Without diversity, construction will never truly modernise

Vicky Savage is group director, development and sales, at L&Q

What do you think of when you think of the construction industry? Despite progress in recent years, for many the typical construction worker will still be an older, white male, and the average site a harsh environment fraught with safety hazards and long hours.

In 2016, the Mark Farmer Modernise or die report identified poor industry image as one of several deep-seated challenges facing construction, deterring the next generation of workers from entering the sector.

I want to focus on one aspect of that – the ‘boys’ club’ image. While we’ve made progress, women still represent about 14% of the UK’s construction workforce, despite comprising 37% of new entrants from higher education. There is a huge pool of talent that we aren’t reaching.

Last year, 175,000 people left the construction industry. The number of non-UK born workers fell from 305,000 to 280,000 between 2019 and 2020. Unless we appeal to the broadest range of talent, we will be sleepwalking into a skills crisis.

But it will also help us to do better. Diverse companies are open to new ways of thinking. According to McKinsey, companies with more female leaders outperform those dominated by men. Many of the women I know are excellent negotiators who are skilled at seeking win-win outcomes.

Two positive trends

There are grounds for optimism. I’m responsible for running L&Q’s Development and Sales division, and when I look at our 32,000-home pipeline, I see two trends that offer opportunities to realise an overdue culture change.

Firstly, the industry is modernising away from traditional build methods and towards off-site manufacturing in factory settings. L&Q is fast becoming a sector leader for modern methods of construction (MMC), using new approaches across our pipeline, including through the Advanced Industrialised Methods for the Construction of Homes (AIMCH) project.

This £6.5m Innovate UK-funded research and development initiative is a collaboration between L&Q, Stewart Milne Group, Barratts, the Manufacturing Technology Centre, the Construction Scotland Innovation Centre and Forster Roofing Services. For the last three years, it has been researching and trialling offsite solutions to meet housebuilding demands on live housing projects across the UK.

“Our sites must be inclusive environments with a zero-tolerance approach to discrimination”

Secondly, our sites are changing and becoming more inclusive, safer, welfare-focused environments. There will always be a place for manual labour, but new career pathways are being created. The factory environment has a science lab feel to it, challenging the stereotypes of what construction looks like. This will appeal to a diverse range of applicants.

We are seeing more site leaders entering from graduate programmes. The next generation understand diversity and will inject fresh ideas into our industry. L&Q has 20 apprentices and graduates from a range of backgrounds, and we’re looking at how we can increase that number. But this needs to go beyond hiring.

A report last year found that more than four in ten women and non-binary tradespeople in construction had left or were considering leaving the trades, with harassment cited as a key factor.

Our sites must be inclusive environments with a zero-tolerance approach to discrimination.

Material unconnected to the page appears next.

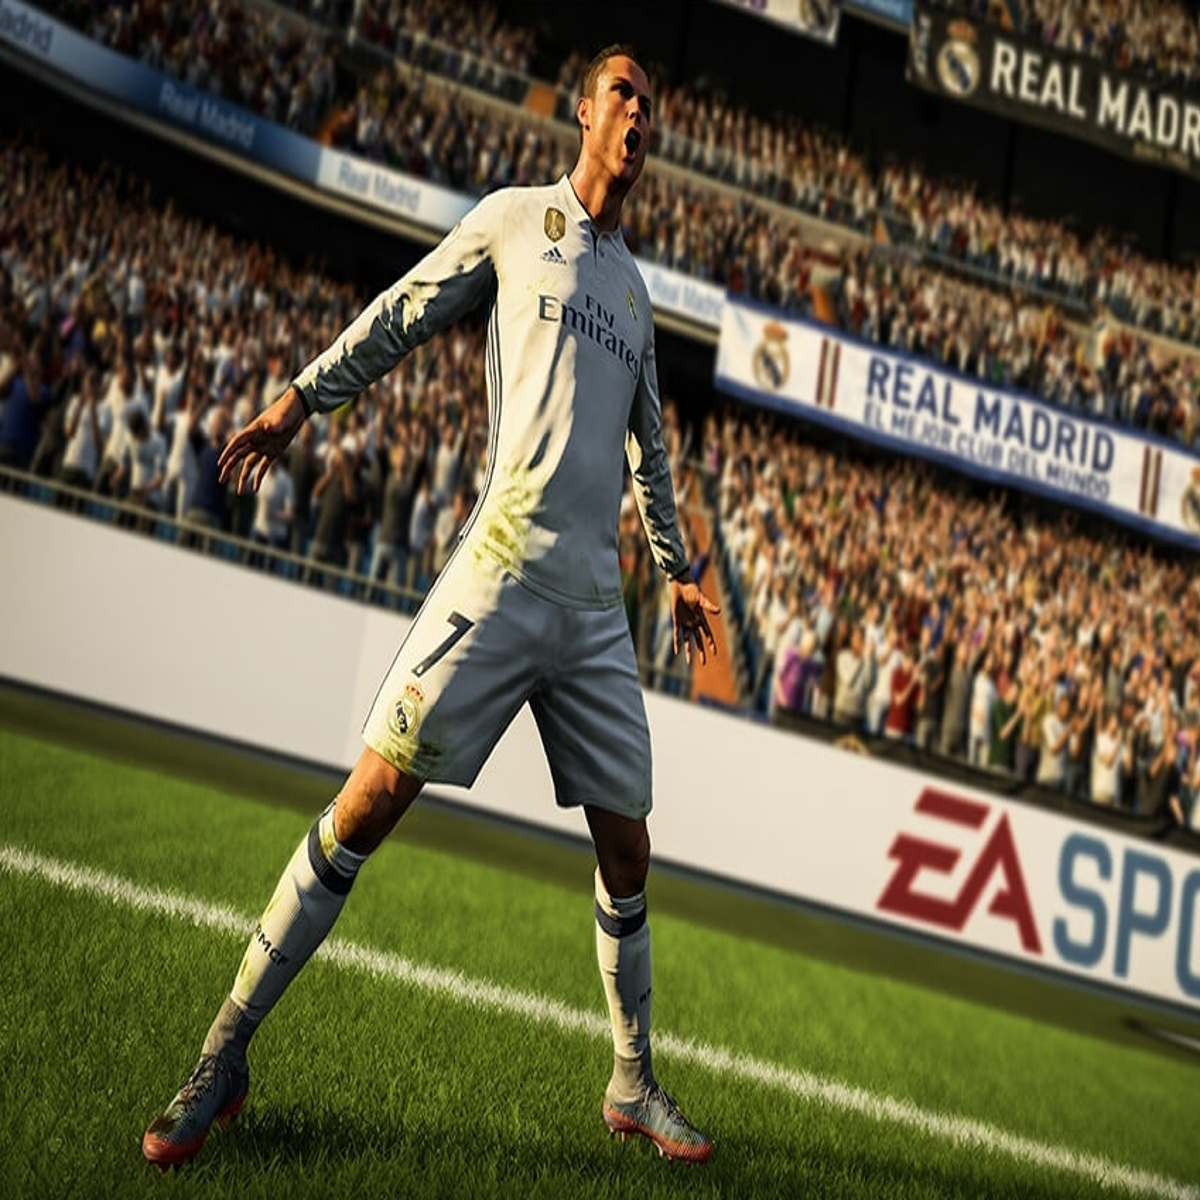 Análise: 'FIFA 18' faz o melhor do futebol nos videogames, mas
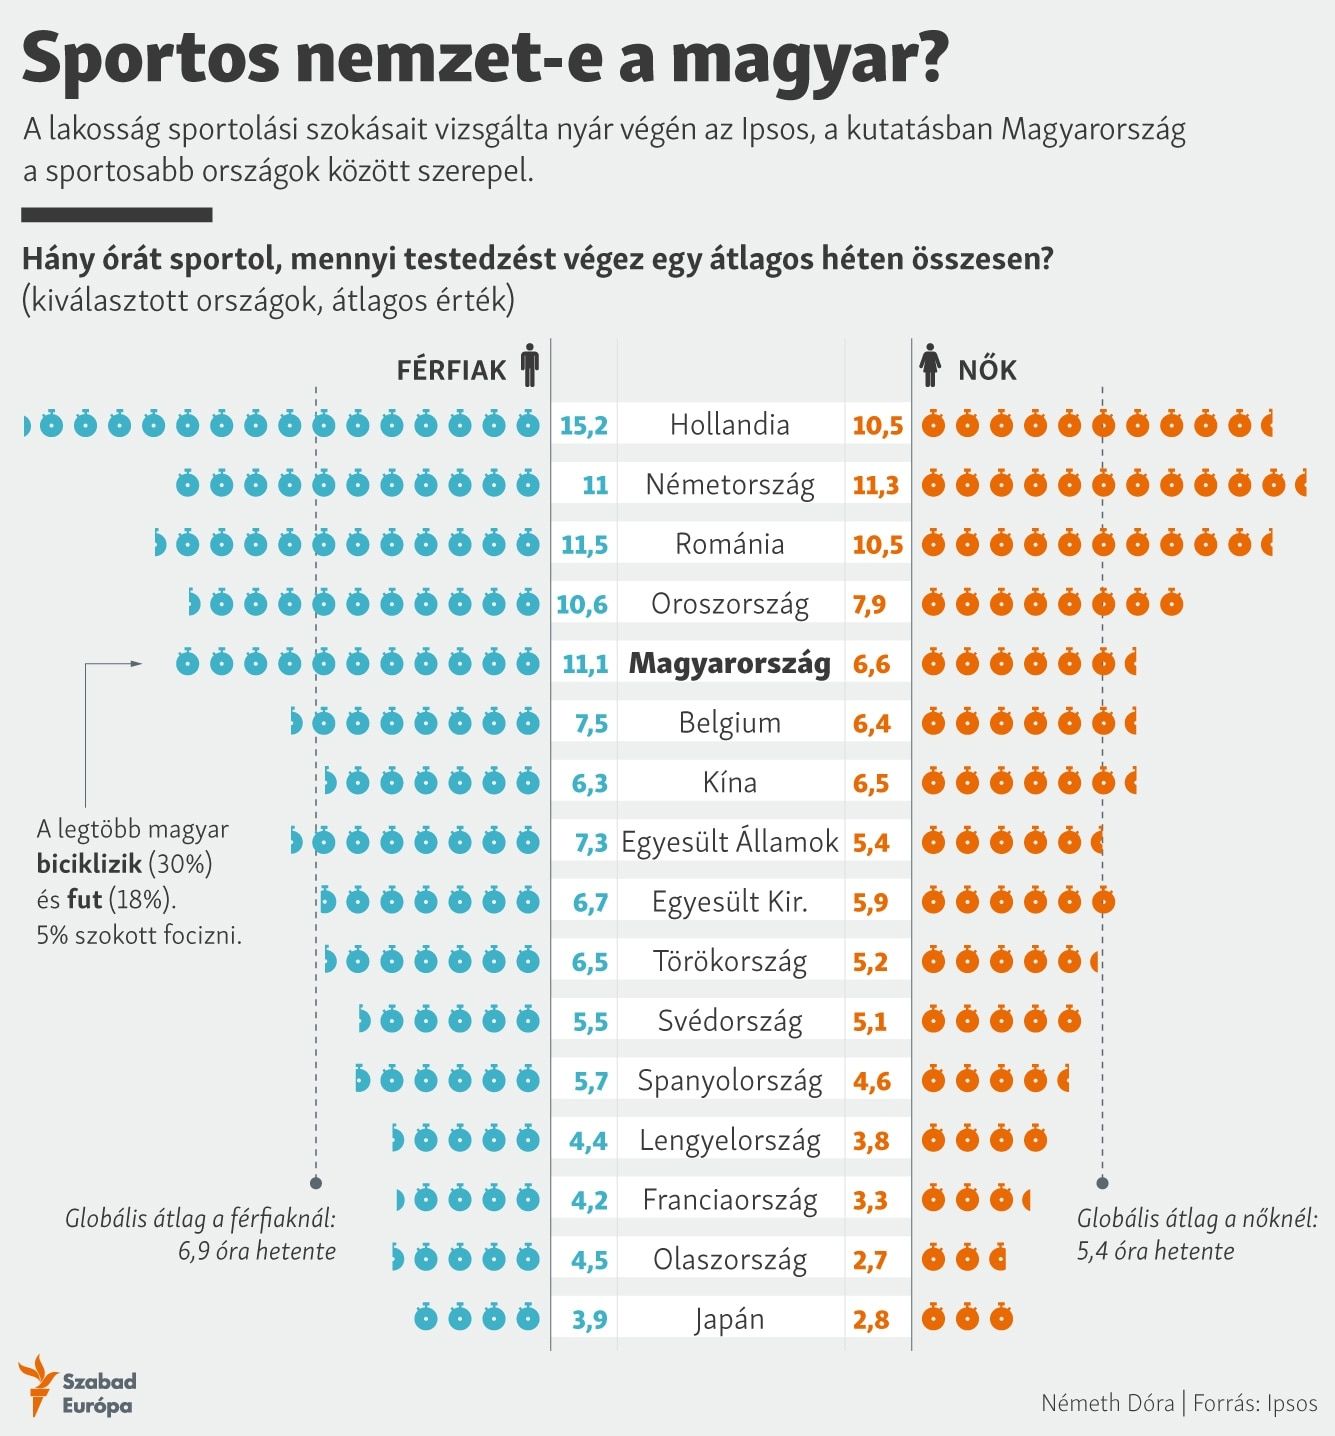 Mennyire sportos nemzet a magyar? Meglepő válasz született a kérdésre

We push to enrol female apprentices and graduates through Women in Construction events, and we give our female site staff a female mentor based elsewhere in the business for support and career guidance. Our apprentices and graduates are treated as part of the operating team, with opportunities to visit sites, supply-chain factories and internal departments. There must be a clear path to progression.

Those of us in senior positions have a responsibility to act as role models and lead change from the front. At L&Q, our chief executive, development committee chair, half of my divisional leadership team and myself are female, so it can be done.

A critical juncture

The industry is at a critical juncture; the long-term problems of the skills shortage are starting to bite, and a modernised sector is gearing up to major challenges around supply, quality and sustainability.

This is an exciting time to join construction. There is nothing more rewarding than building beautiful homes that will change people’s lives. Promotion is based on ability and attitude, not your background, and you will pick up highly transferable skills.

But, to achieve our ambitions, we must invest in new talent, while fostering inclusive working environments where all of our staff can truly thrive. Diversity means everyone flourishing.

So, if you have the ambition and the drive, but the industry’s image problem is putting you off, my message to you is simple: whoever you are, and wherever you’re from, there is a place for you in construction. Come and be a part of the change reshaping the sector.